Н. Бердяев. «О самоубийстве»Первым из литераторов, не вынесшим жизни вдали от родины, был древнегреческий философ Менедем Эретрийский (ок.339–265 до н. э.). Проиграв в политической борьбе, он был вынужден бежать из родного полиса в Азию, но питаться хлебом чужбины не стал — в прямом смысле: уморил себя голодом.
Эмиграция для любого человека — испытание тяжелое, но не такое уж суицидоопасное. В конце концов, отъезд на чужбину, да еще, как правило, сопряженный с немалыми усилиями, свидетельствует об активности и воле к жизни: в основе сего перемещения в пространстве лежит желание либо спастись от опасности (то есть выжить), либо обрести лучшую жизнь (то есть опять-таки не умереть, а жить). Конечно, кто-то из эмигрантов, остыв после адреналиновой атаки бегства или не найдя в новообретенном рае того, чего искал, накладывает на себя руки, но причина суицида в этом случае подпадает под хрестоматийные дюркгеймовские законы: социальная дезадаптация, резкое изменение экономического положения и прочее.
Если я отношу эту главу к разделу, посвященному типично писательским мотивациям самоубийства, то лишь потому, что оторванный от родины литератор убивает себя не по Дюркгейму. Для пишущего человека эмиграция во много раз опаснее и смертоноснее, чем для человека иной профессии. Обычный эмигрант помучается с незнакомым языком, поругает чужбину-мачеху, да и худо-бедно приспособится. Некоторые из людей искусства эмиграцию могут и вовсе не заметить, потому что истинная родина художника — мир цвета и линии, а истинная родина композитора — музыка. Но для писателя-то родина — слова и междометия, подслушанные обрывки фраз и неповторимые интонации. Утратив соприкосновение с родной языковой средой и перестав питаться ее соками, литератор — тривиальное, но точное сравнение — превращается в выдранное с корнем растение, которому суждено засохнуть. Исключения вроде Набокова или Бродского, сумевших трансплантировать свой дар в другую почву, крайне редки. О мучительности этого превращения сдержанный Набоков (который, не будем забывать, с детства в совершенстве владел английским) пишет так: «Долголетняя привычка выражаться по-своему не позволяла довольствоваться на новоизбранном языке трафаретами, — и чудовищные трудности предстоявшего перевоплощения, и ужас расставания с живым, ручным существом ввергли меня сначала в состояние, о котором нет надобности распространяться: скажу только, что ни один стоящий на определенном уровне писатель его не испытывал до меня».
Следует оговориться, что речь в этой главе идет не об экспатриации, т. е. добровольном отрыве от родины, а именно об эмиграции — разрыве вынужденном, без возможности вернуться. Писавшие за границей Гоголь и Тургенев эмигрантами не были и в любой момент могли вернуться. Писателю важно жить там, где ему необходимо. Если это невозможно, он перестает писать или пишет гораздо хуже, чем прежде.
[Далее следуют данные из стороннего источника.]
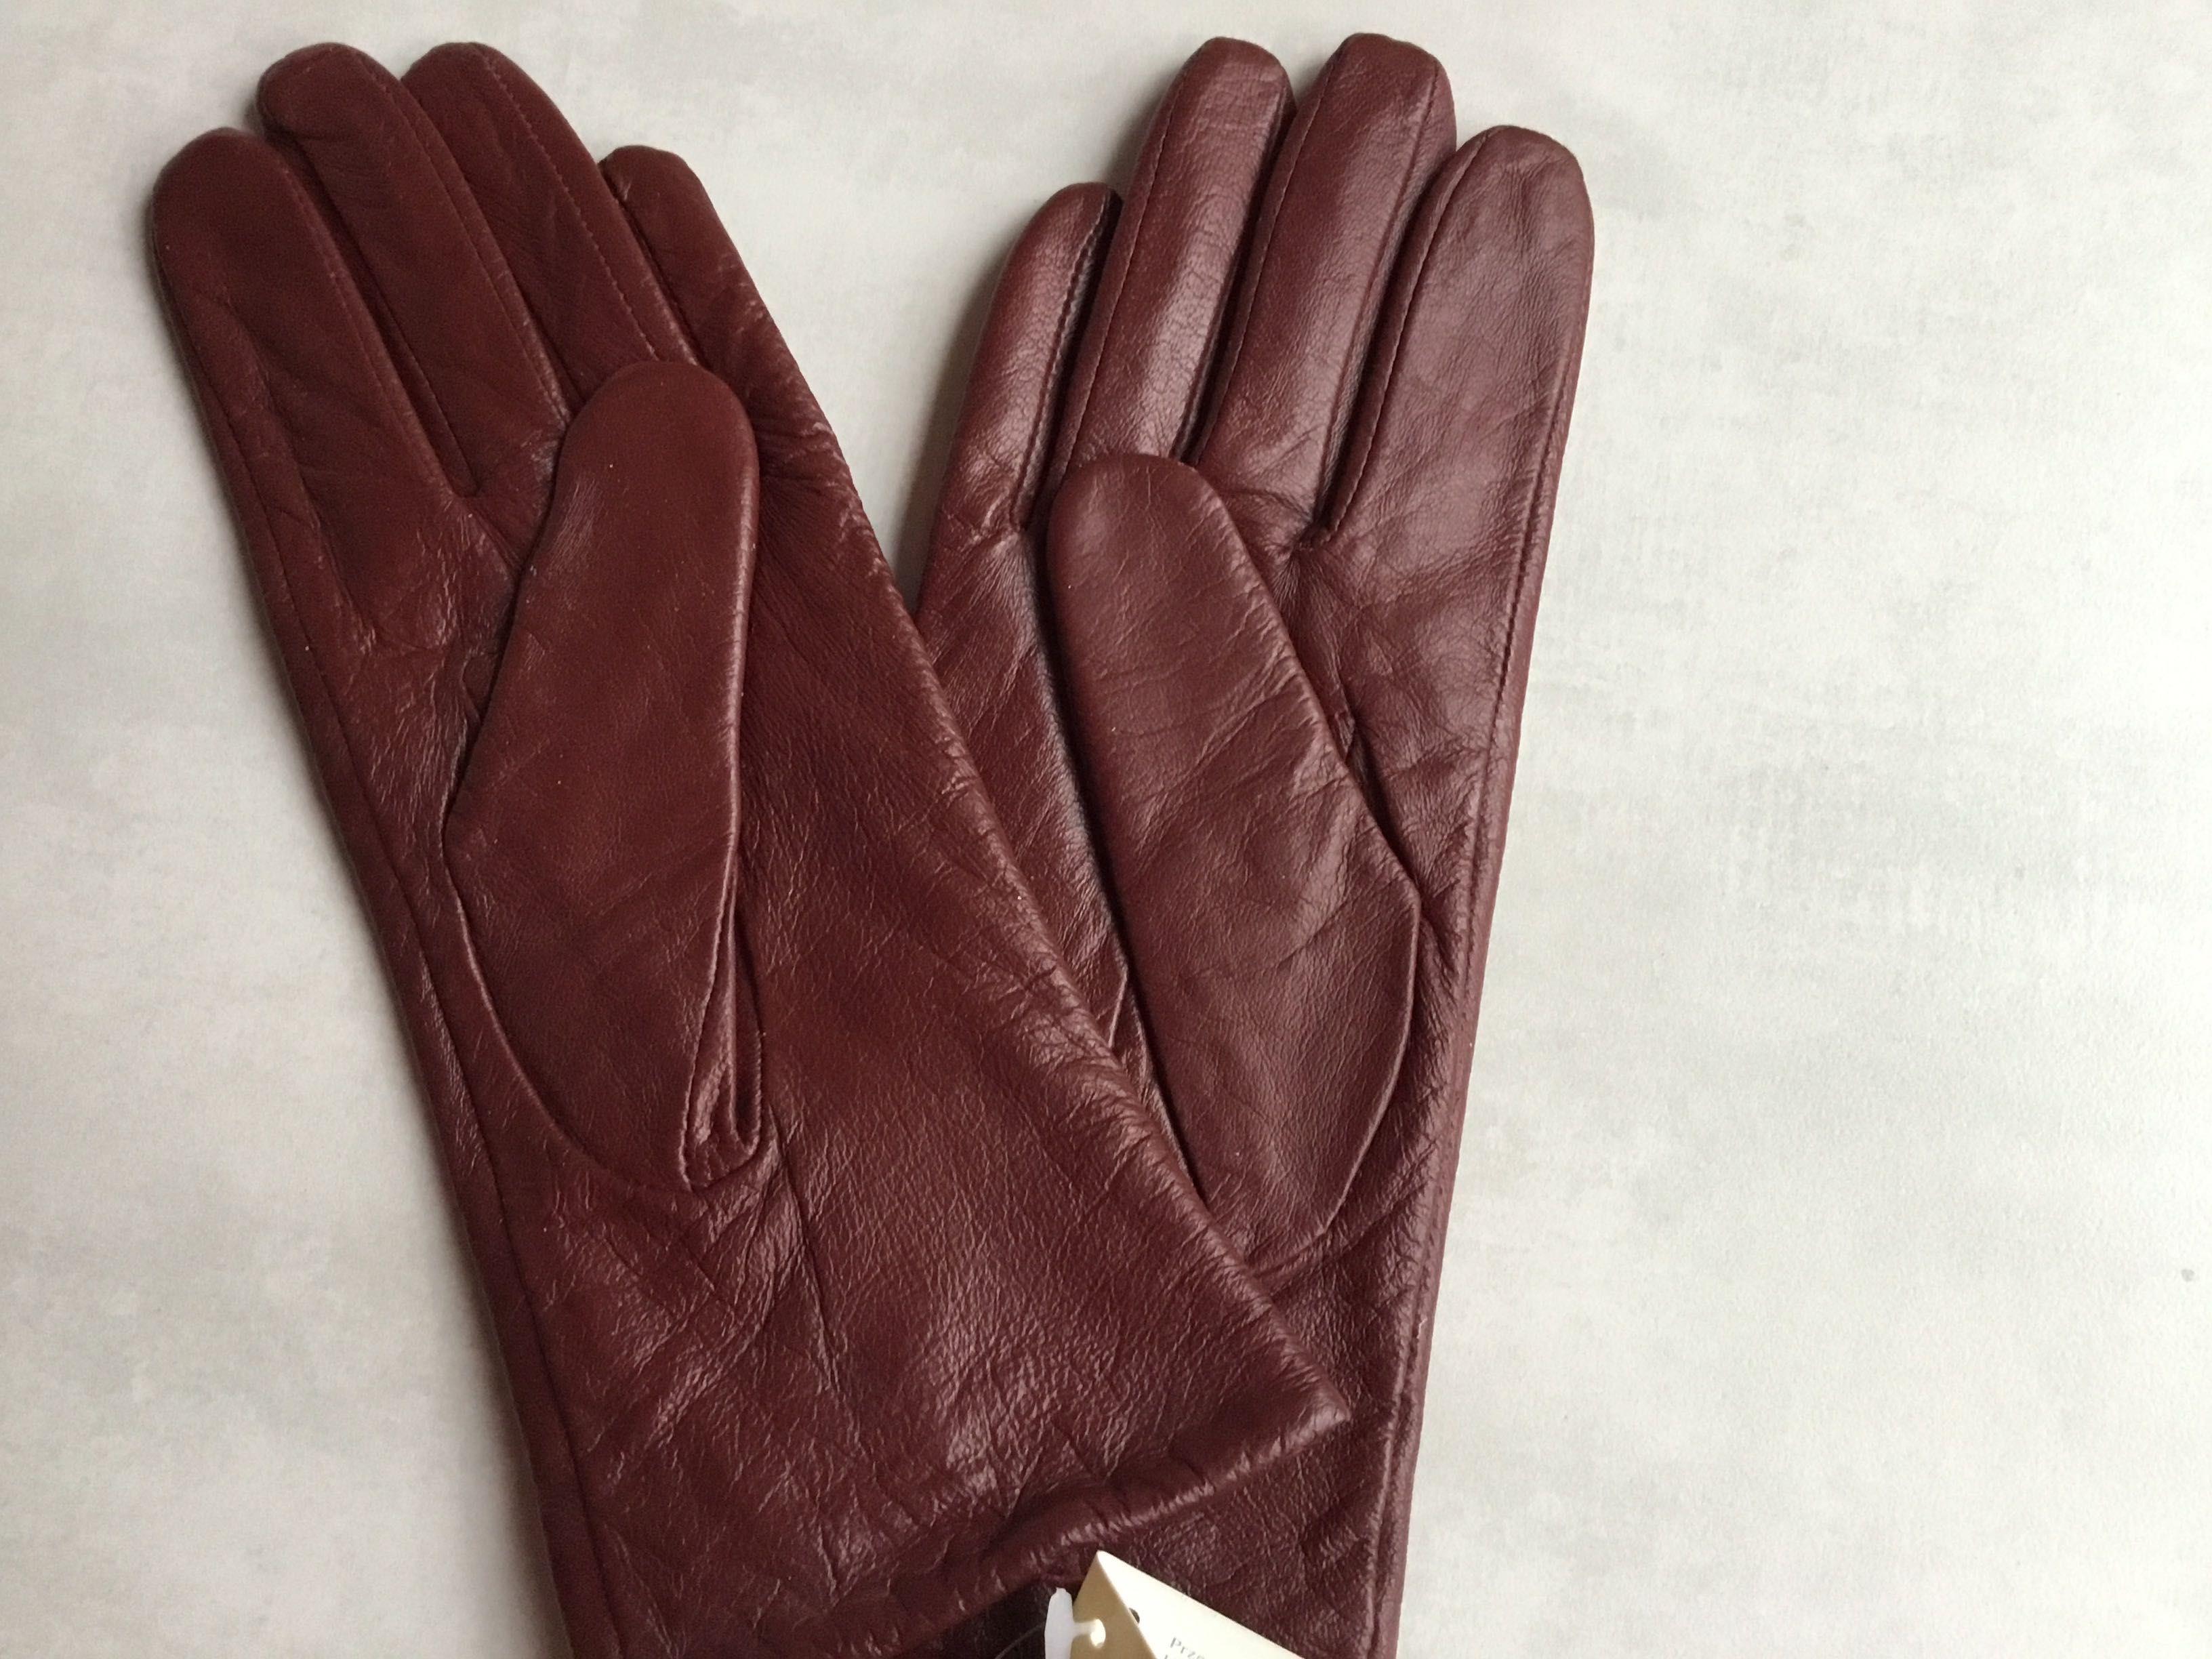 NOWE eleganckie rękawiczki, wysyłka w dniu zakupu

В редких случаях утрата родины и ностальгия дают новый импульс творчеству (Бунин, Хласко), но созданные в изгнании произведения окрашены в специфические тона тоски и безысходности. Спасением для писателя, вынужденно покинувшего родину, может стать только особая ситуация, когда эмигрантская колония создает собственный оазис родной литературы — как это произошло в 70-е и 80-е годы с «третьей волной» русского эксодуса.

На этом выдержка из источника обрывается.